Festzustellen ist jedoch, dass dem Arbeitszeitmodell Teleheimarbeit oftmals,
meist seitens der Vorgesetzten, viel Skepsis entgegengebracht wird.
Rahmenbedingungen und Auswahlkriterien
Sowohl aus technischen aber
auch aus arbeitsorganisatorischen Gesichtspunkten wurden für das Pilotprojekt
bestimmte Auswahlkriterien erarbeitet. So konnten z. B. einige Interessenten
nicht an dem Pilotprojekt teilnehmen, da die häuslichen Voraussetzungen nicht gegeben
waren. Weitere Anfragen mussten abgelehnt werden, da die aktuelle
Geschäftsverteilung/das aktuelle Tätigkeitsprofil nicht den Auswahlkriterien
entsprach.
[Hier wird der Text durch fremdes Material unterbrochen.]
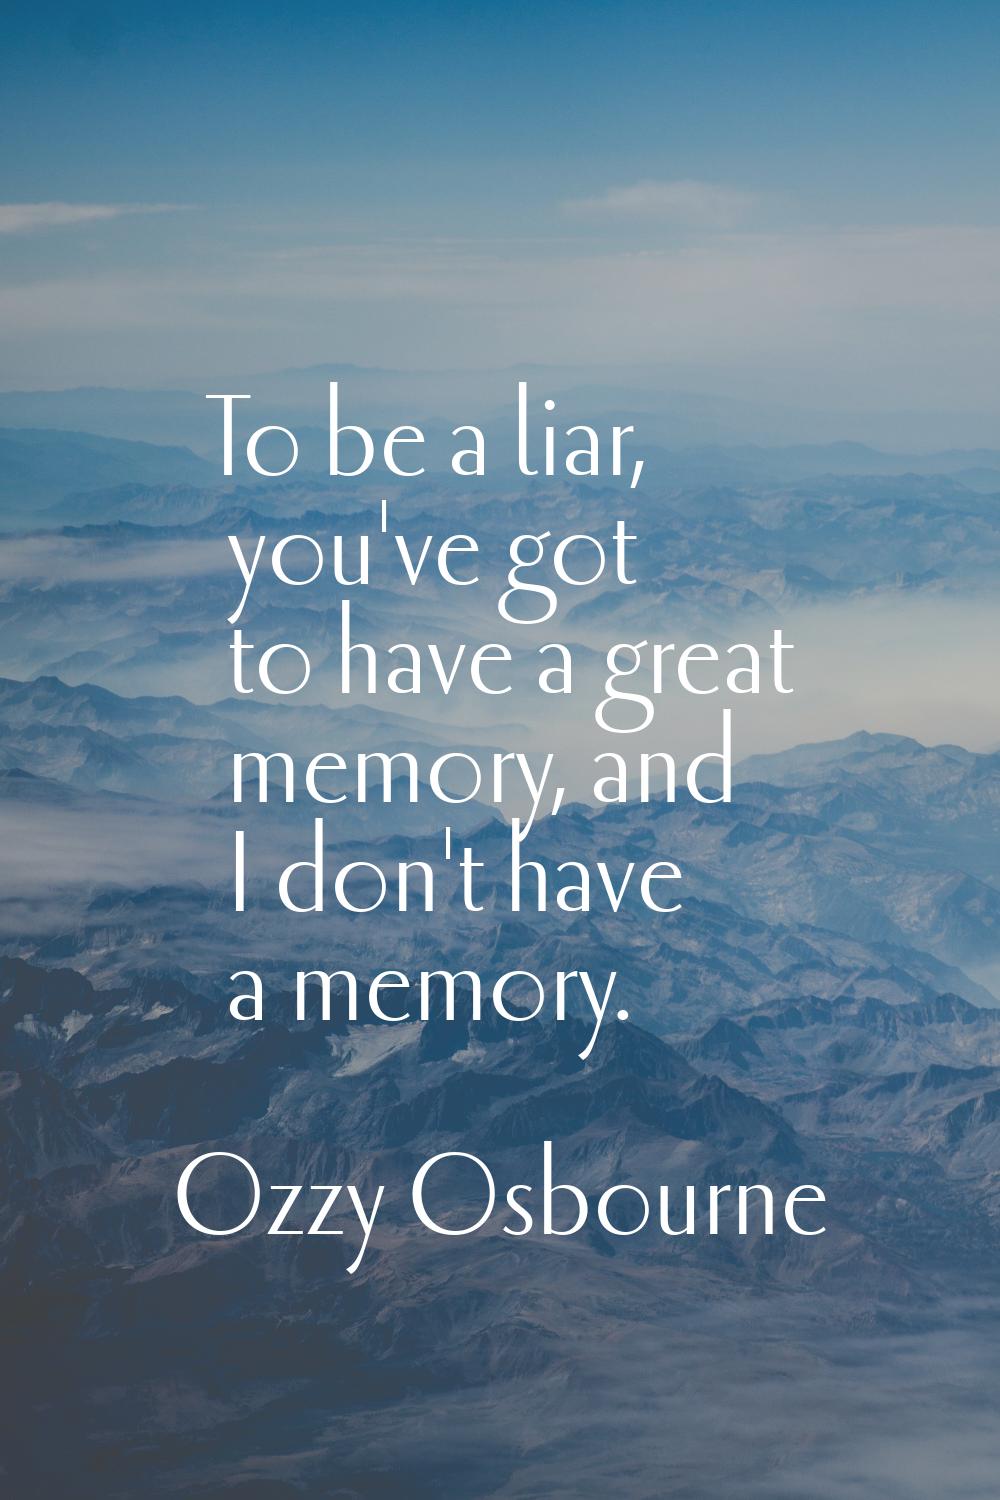 To be a liar, you've got to have a great memory, and I don't have a memory.
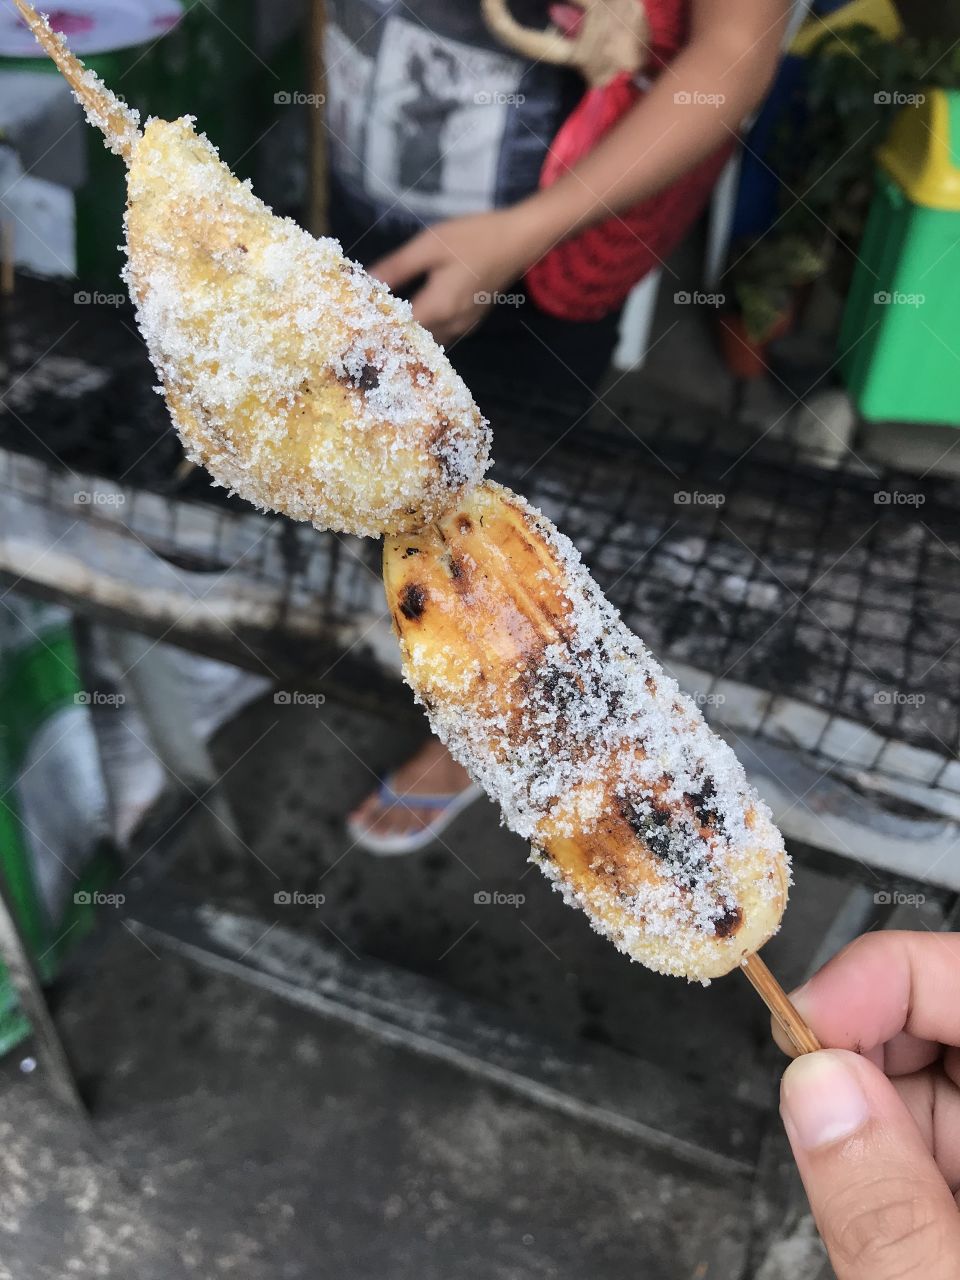 "Ginanggang" as this is locally called, made from a ripe Philippine Plantain. Skewed and cooked using coal, brushed with margarine and sprinkled with sugar. Snack!

Im Vorfeld wurden folgende Anforderungen/Bedingungen festgelegt:
Anforderungen an die Tätigkeit:
·
selbständige
Bearbeitung von Aufgabengebieten
·
geringe kundenbezogene
Tätigkeit
·
Planbarkeit der
persönlichen Kontakte
·
definierbare,
überprüfbare Arbeitsergebnisse
Anforderung an die
Teleheimarbeiter:
·
bestimmter
Mindestanteil der Arbeitszeit in der häuslichen Arbeitsstätte
·
mindestens eine
regelmäßige wöchentliche Arbeitszeit von 19,25 Stunden der Beschäftigten
·
hohes Maß an
Selbständigkeit
·
hohes Maß an
Vertrauenswürdigkeit
·
sicherer Umgang
mit Informationstechnologien
Häusliche und familiäre
Umstände:
·
separater,
abschließbarer Arbeitsraum
·
Akzeptanz im
privaten Umfeld
Darüber hinaus wurde im
Einvernehmen mit dem HABIT die Vereinbarung getroffen, dass für das
Pilotprojekt die „Technischen Ämter/Fachbereiche“ mit Zugriffen auf
grafische Fachverfahren (z. B. CAD-Verfahren oder Smallworld-GIS Anwendungen)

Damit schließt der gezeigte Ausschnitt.